JEFF ROUSE (USA)
FOR THE RECORD: 1992 OLYMPIC GAMES:
gold (4x100m medley relay), silver (100m backstroke); 1996 OLYMPIC GAMES: gold
(100m backstroke, 4x100m medley relay); TWO WORLD RECORDS (L.C.): 4x100m medley
relay, (S.C.): 100m backstroke; 1994 WORLD CHAMPIONSHIPS: gold (4x100m medley
relay); silver (100m backstroke); 1996 PAN AMERICAN GAMES: gold (100m
backstroke, 4x100m medley relay); FOUR U.S. NATIONAL CHAMPIONSHIPS: 1 (100y
backstroke), 1 (100m backstroke), 2 (4x100m medley relay); SEVEN NCAA NATIONAL
CHAMPIONSHIPS: 3 (100y backstroke), 1 (200y backstroke), 1 (4x5Oy, 4x100y medley
relays), 1 (4x100y freestyle relay).
He loved to swim a lot of backstroke in
practice, sometimes going 75% of the workout on his back. He became better in
the 100m backstroke than the 200m backstroke, but as much time as he spent on
his back, he never looked back when it came to achieving success. This slow
talking, strong kicking swimmer became the number one ranked 100m backstroke
swimmer in the world from 1989 through 1996. Only Hall of Famers Roland Matthes,
Krisztina Egerszegi and Adolph Kiefer could claim the same 8-year dominance in
this stroke. Along the way, Jeff Rouse won Olympic gold medals, set World
Records, and captured World Championship titles. And he did it all with a
confident but non-arrogant style, a reflection of his heart-warming character.

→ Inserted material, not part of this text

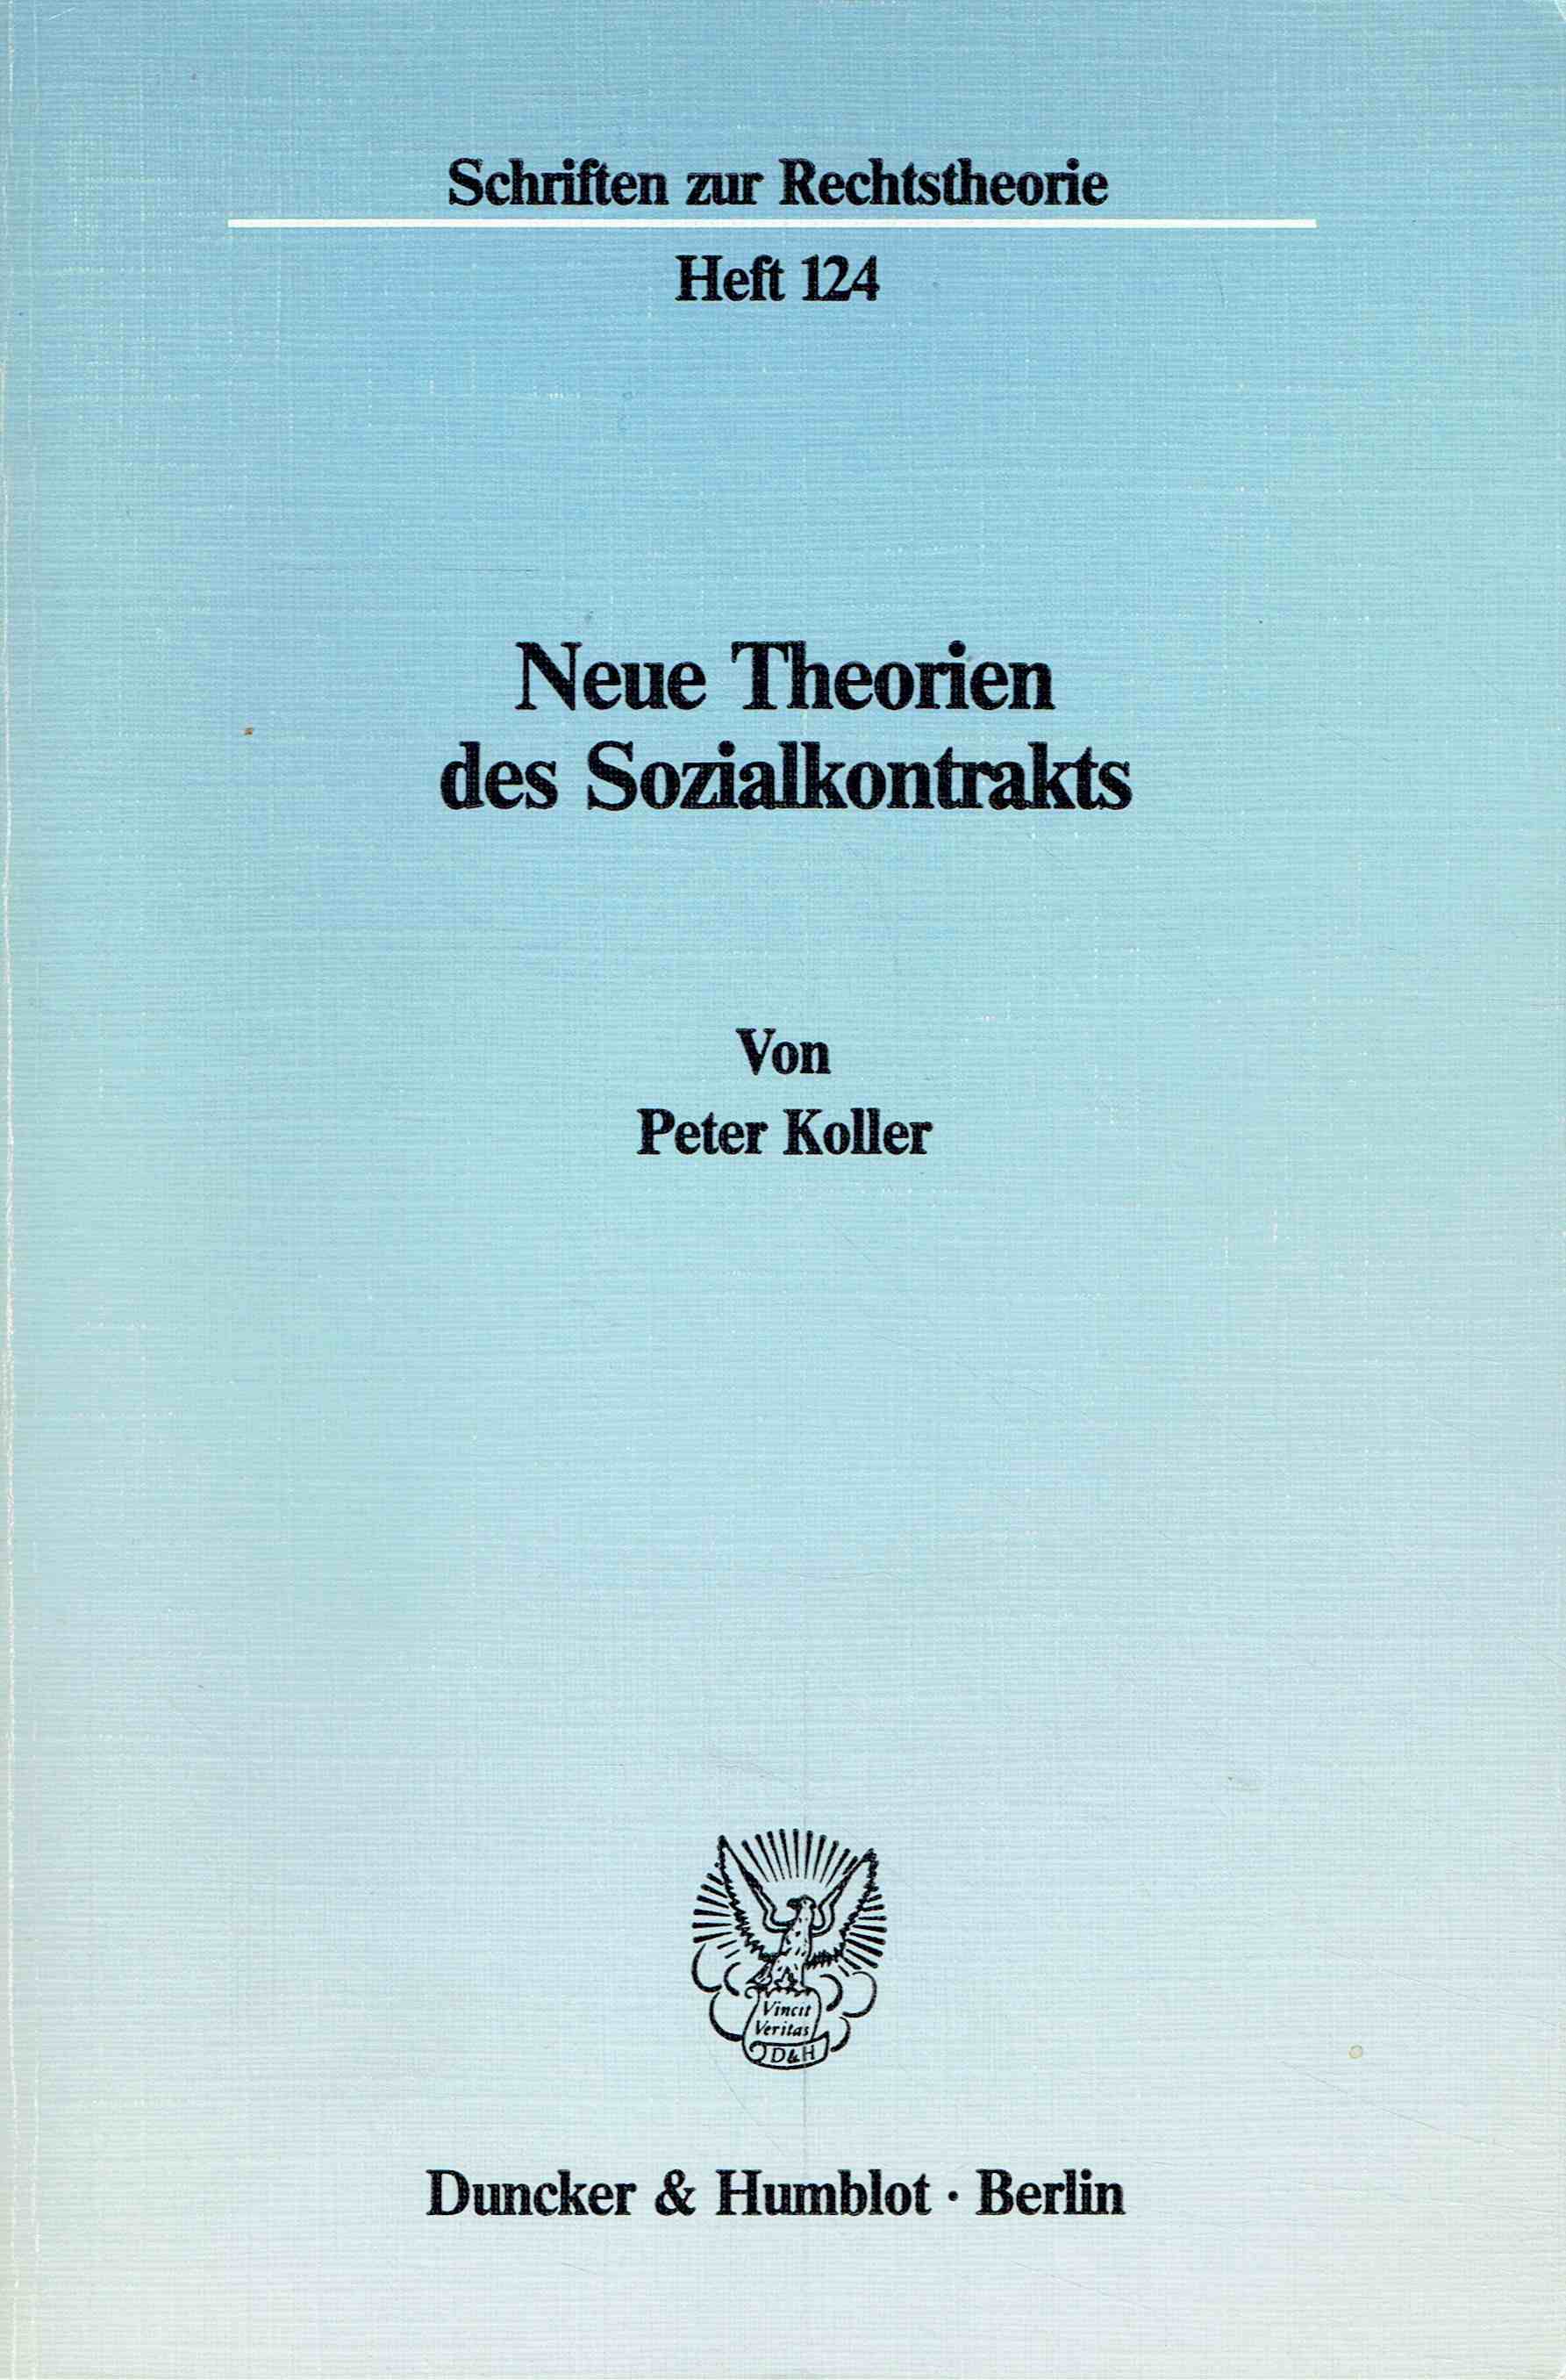 Neue Theorien des Sozialkontrakts. (Schriften zur Rechtstheorie, Heft 124). - Koller, Peter
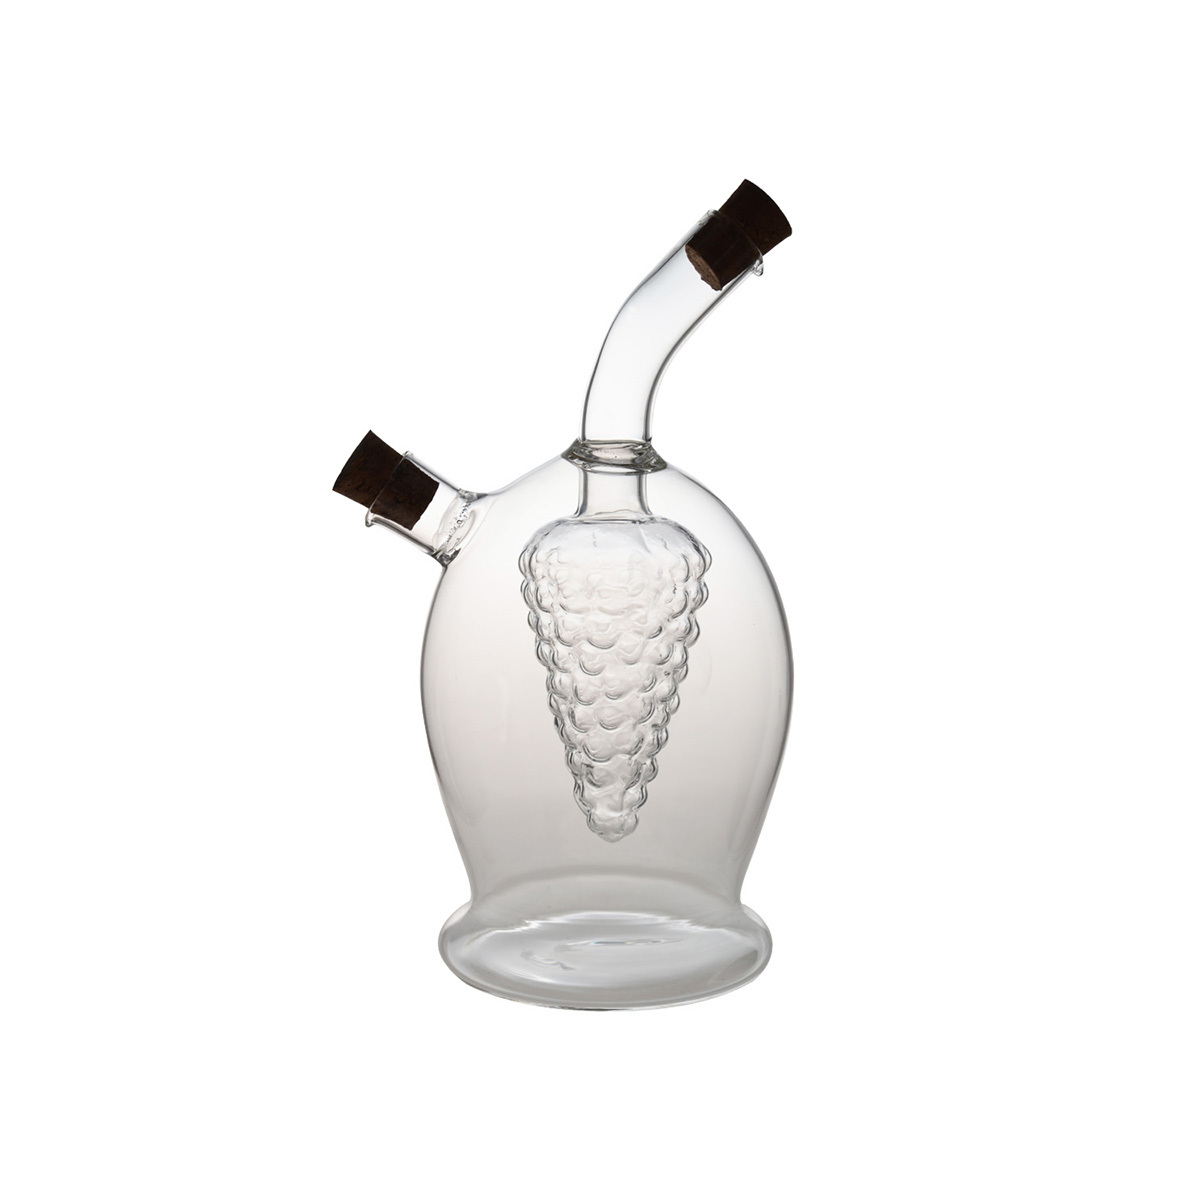 HY1305 100/300ML 2 in 1 Grape Design Borosilicate Glass Oil & Vinegar Bottle

He began at age five in the Ferry Farm
Appahannock Swim League where Jeff swam all strokes. The pool in Fredericksburg,
Virginia, was only blocks from his house. At age nine, we moved to the Quantico
Devil Dolphins under the coaching of Don Regenboghen. He set national age group
records at age 11 and was Swimming World's Age Group Swimmer of the month in 1983. By 1986,
Jeff was chosen Rookie of the Meet at his first U.S. National Championships.
After graduation from Stafford High School in 1988 and enrolling at Stanford,
Jeff was on his way to international stardom.
His 6 feet 3 inch, 190-pound body was
suited just right for swimming backstroke.
Long and strong with powerful legs, he could kick 100 yards backstroke in
1:07 seconds. His belief was that if you concentrated on the proper stroke
technique at all times, you would swim fast. And swim fast he did. In 1989, his
first year at Stanford, he won the Pan Pacifics, 100m backstroke, the first of
four Pan Pacific Championship gold medals in that event. He won the NCAA
National Championship in the 200m backstroke and over the next three years he
won a total of seven NCAA Championships.
His first backstroke World Record came
in 1991 at the Edmonton Pan Pacific Championships. He and the world had watched
David Berkoff set the World Record in 1988 at the Seoul Olympics swimming the
100m backstroke. Berkoff would go 33 meters dolphin kick underwater on his back
at the start of the race and come up ahead of his opponents just before the
first turn. This "Berkoff Blastoff" was much faster underwater than it
was to swim on top of the water. After FINA changed the rules limiting the
underwater kick to ten meters, Berkoff's world record time of 54.51 appeared
unbeatable. Rouse proved otherwise when he became the first person under 54
seconds for the 100m backstroke.
Jeff Rouse loved swimming. In his 1992
Olympic debut, he was out touched by Canadian and Hall of Famer Mark Tewksbury
in the 100m back. Jeff declared that loss his catalyst to return in 1996 to win.
He did. But in Barcelona, two days after winning the silver to Tewksbury, he won
the gold in the 4x100m medley relay with teammates Nelson Diebel, Pablo Morales
and Jon Olsen. Jeff helped set two World Records in that race, a relay record of
3:36.93 which stood for four years until his 1996 Atlanta gold medal Olympic
team of Jeremy Linn, Mark Henderson and Gary Hall, Jr. broke it with a 3:34.8
and the 100m backstroke World Record of 53.86 as the lead-off swimmer in the
relay. Both records stand today - 8-1/2 years later.
Rouse was captain of the USA 1996 Olympic team as well as his Stanford University team. Says Coach Skip Kenny, "Jeff leads by his work ethics and performance. He's not a cheerleader, he does most of his talking one-on-one." He is big on ethics, family and doing the right thing. He spearheaded a drive to put athlete's integrity together by instituting random drug testing of all athletes. He talks to school groups and encourages young students to always try their hardest. He makes public appearances and works to promote the sport. He has appeared in a Sports Illustrated calendar and in numerous magazines.